Vous êtes affecté à l’entretien des défenses sol-air, si je ne me trompe pas ?
Exact, Capitaine.
Mon équipe révise toutes les défenses du secteur, y compris le centre de Bruxelles.
Vous avez des qualifications particulières ?
J’ai étudié dans la Zone 51. Je maîtrise parfaitement le maniement de notre arsenal.
Vous plaisantez.
Non, Capitaine. J’y ai passé plus de huit ans comme volontaire.
Tout est consigné dans mon dossier.
Vous connaissez le système DX-01-10 ?
Oui, Capitaine.
C’est un armement expérimental élaboré dans la Zone 51.
Le DX-01-10 est un drone intercepteur à déploiement multiple, capable de lancer jusqu’à dix drones simultanément, tous armés de lasers.
Ce principe permet d’accroître considérablement l’autonomie et le rayon d’action par rapport à un drone classique du même type.
Impressionnant.
Vous savez monter cet engin et le manier ?
Oui, Capitaine. Je maîtrise cette technologie. Elle faisait partie de ma formation.

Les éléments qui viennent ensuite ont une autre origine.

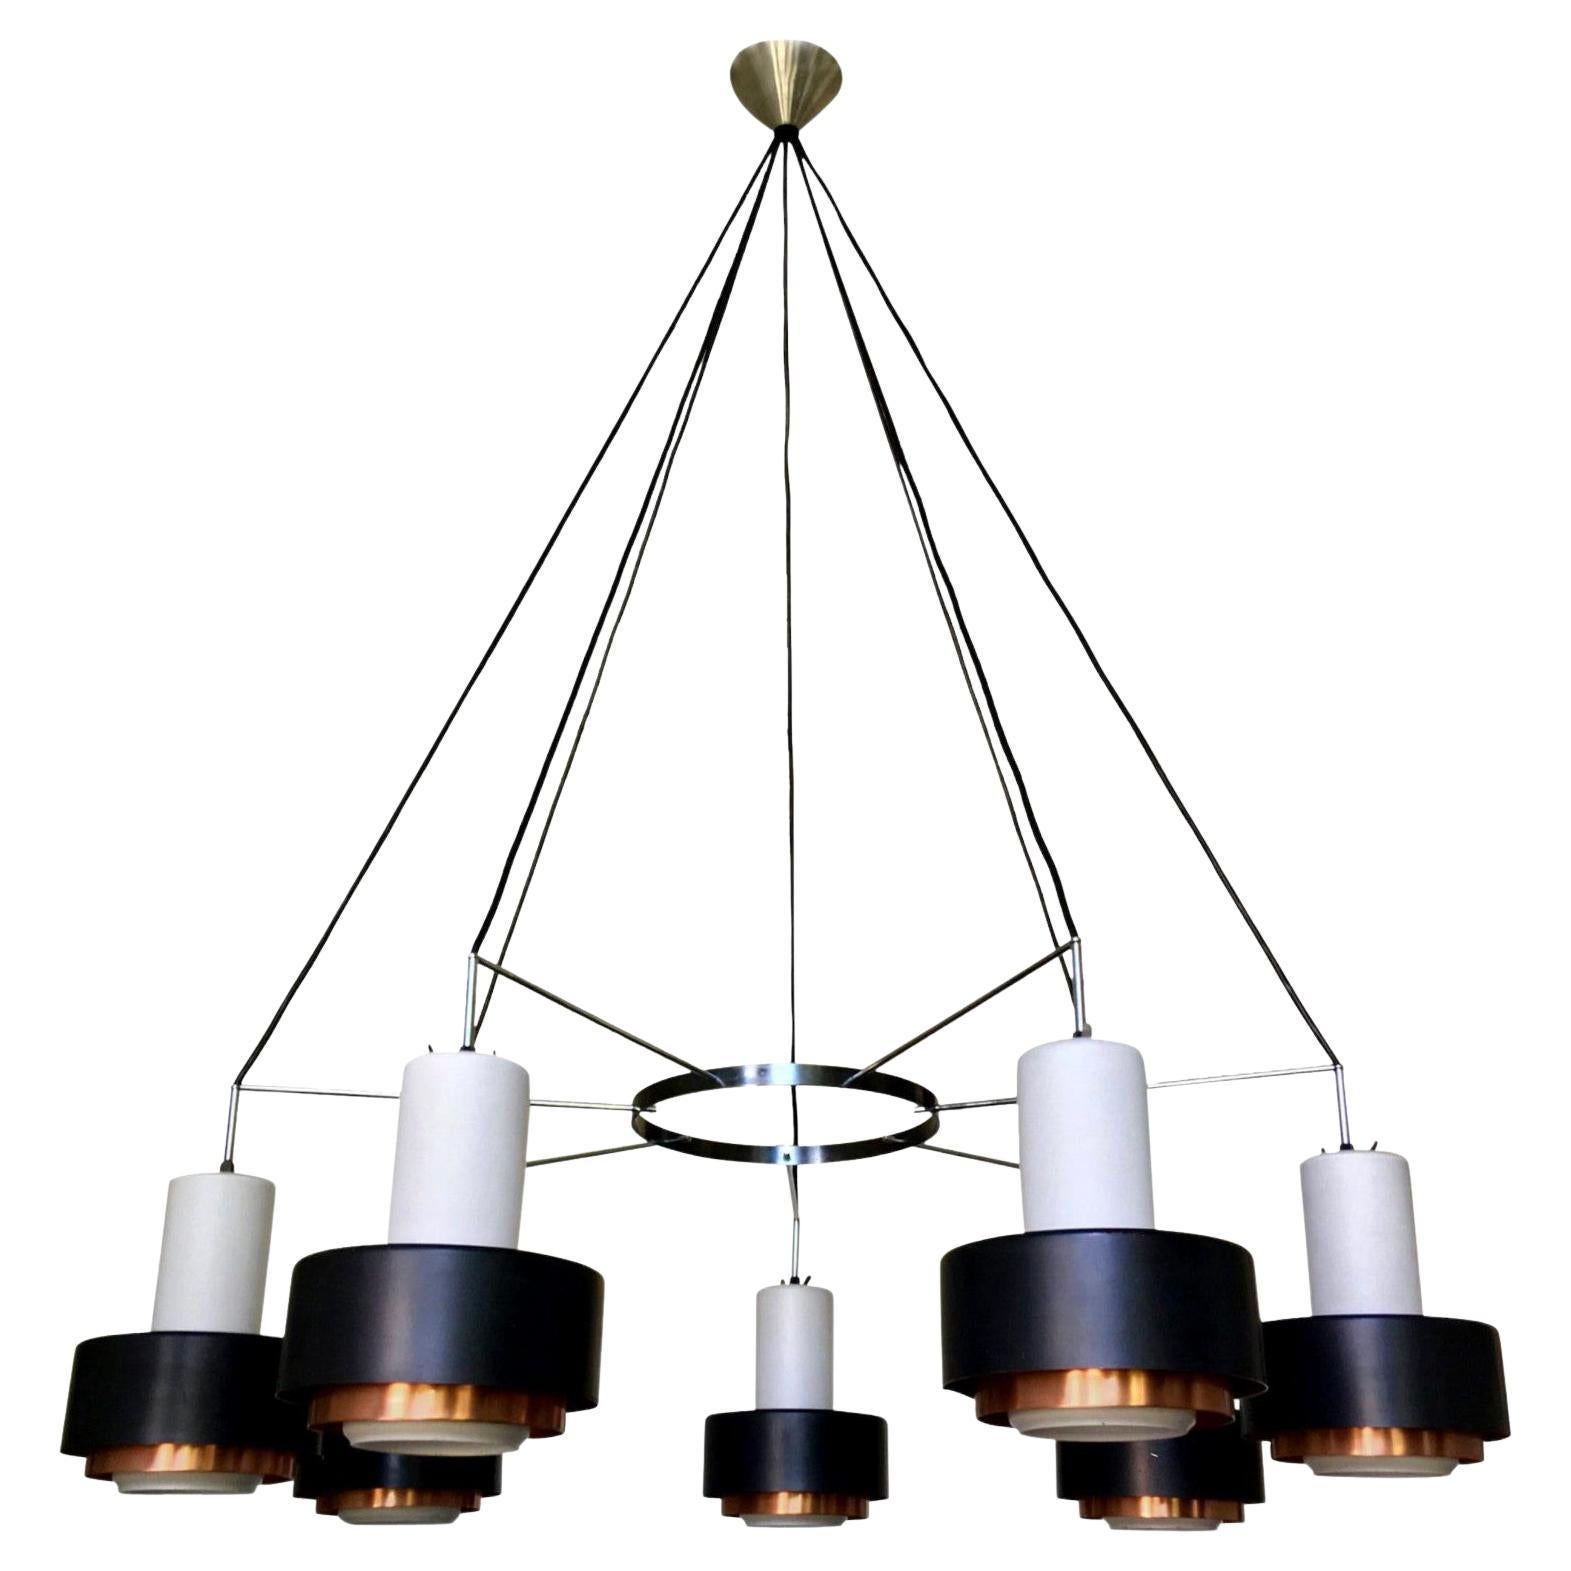 Large Mid-Century Modern Chandelier with White Glass, Black and Copper Shades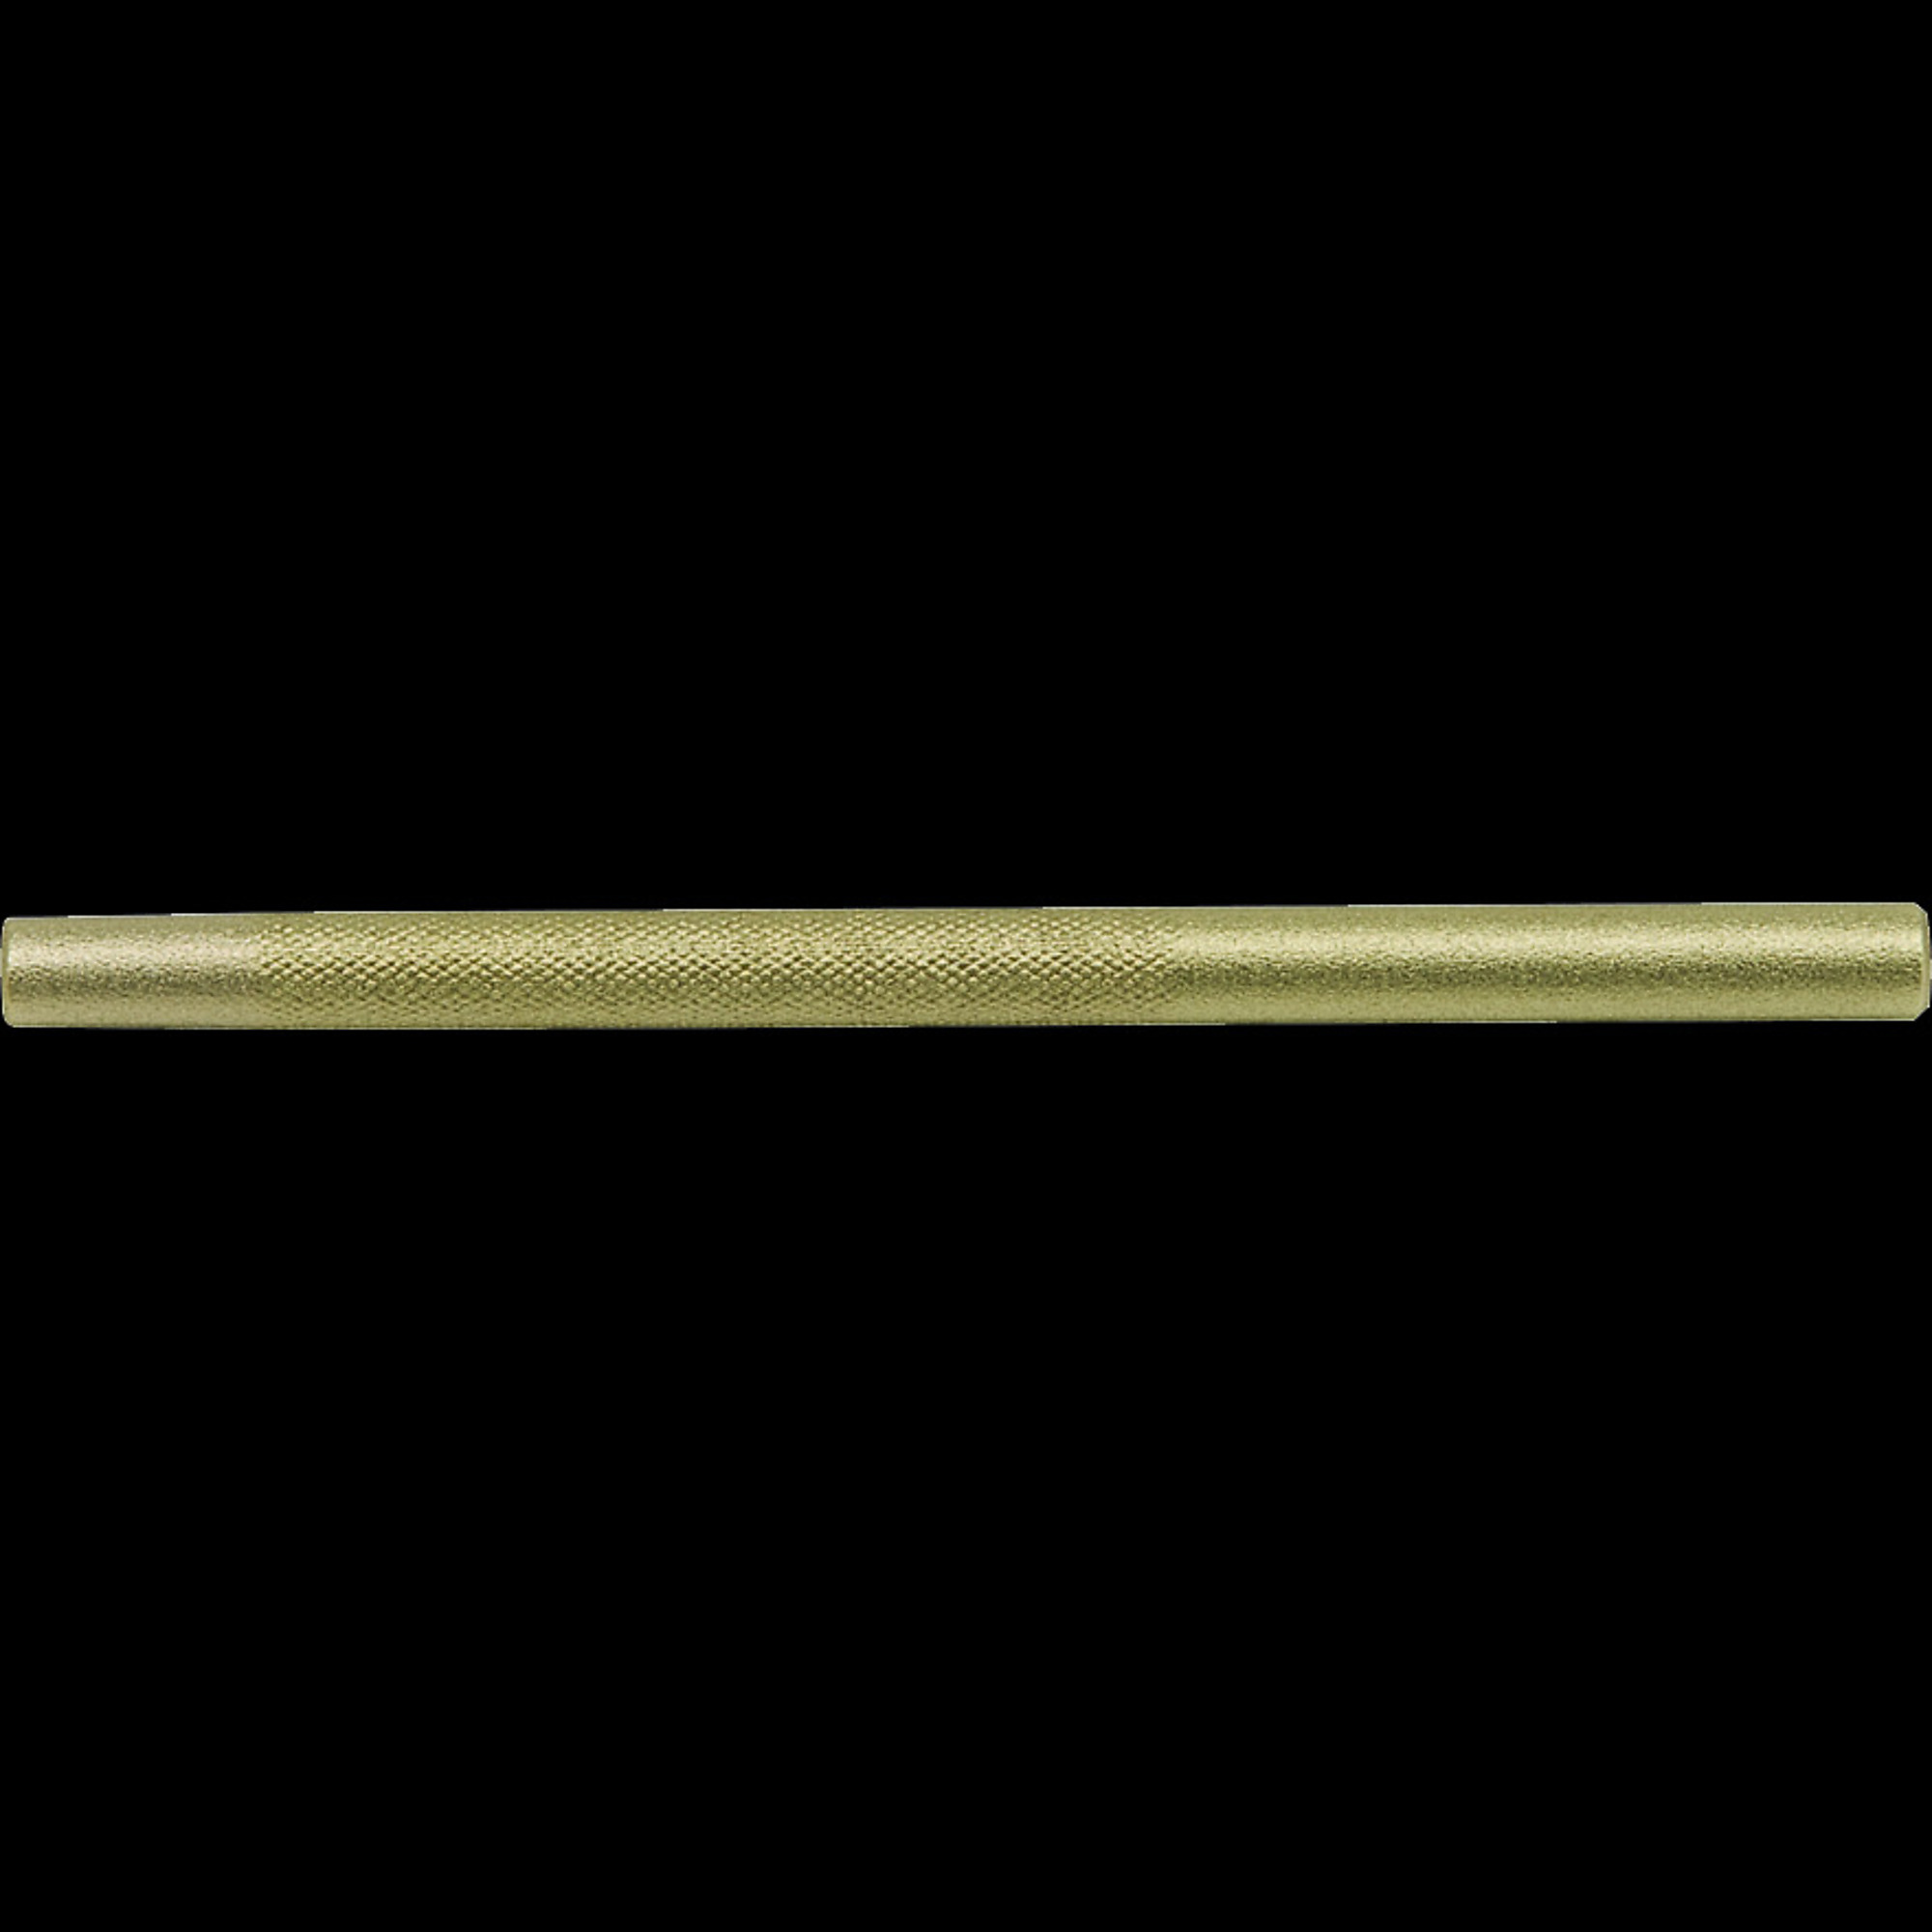 Stanley Proto, 3/8Inch Brass Drift Punch, Product Type Punch, Pieces (qty.) 1, Model J9638B

Très bien, Eros. Je vous réquisitionne. Vous êtes désormais sous mon autorité.
Prenez votre sac-à-dos… et votre brosse à dents, car vous embarquez avec moi sur le Mercator.
Heu… je m’excuse, Capitaine, mais pour quoi faire ?
J’ai deux DX-01-10 dans ma soute, et je n’ai pas d’ingénieur suffisamment qualifié pour monter les lanceurs sur mon vaisseau.
Vous pouvez compter sur moi, Capitaine. Merci.
Eros, j’ai encore un service à vous demander.
Oui, Capitaine ?
Prenez cette télécommande et récupérez ma Ducati, garée à l’entrée du bunker.
Emmenez-la dans le hall à navettes du Mercator.
Appuyez sur le bouton jaune pour désactiver l’autodéfense, le bouton vert pour la démarrer, et surtout… ne touchez à aucun autre bouton.
Bien, Capitaine.
Une fois à bord, rejoignez-moi sur la passerelle. Je vous y donnerai vos instructions.
Eros s’éloigne au pas de course.
Je ne m’attendais pas à ce qu’il soit aussi qualifié pour un armement qui traînait depuis des mois dans ma soute. Enfin… soit.
Je reprends peu à peu des couleurs, puis je pique un sprint en direction du vaisseau.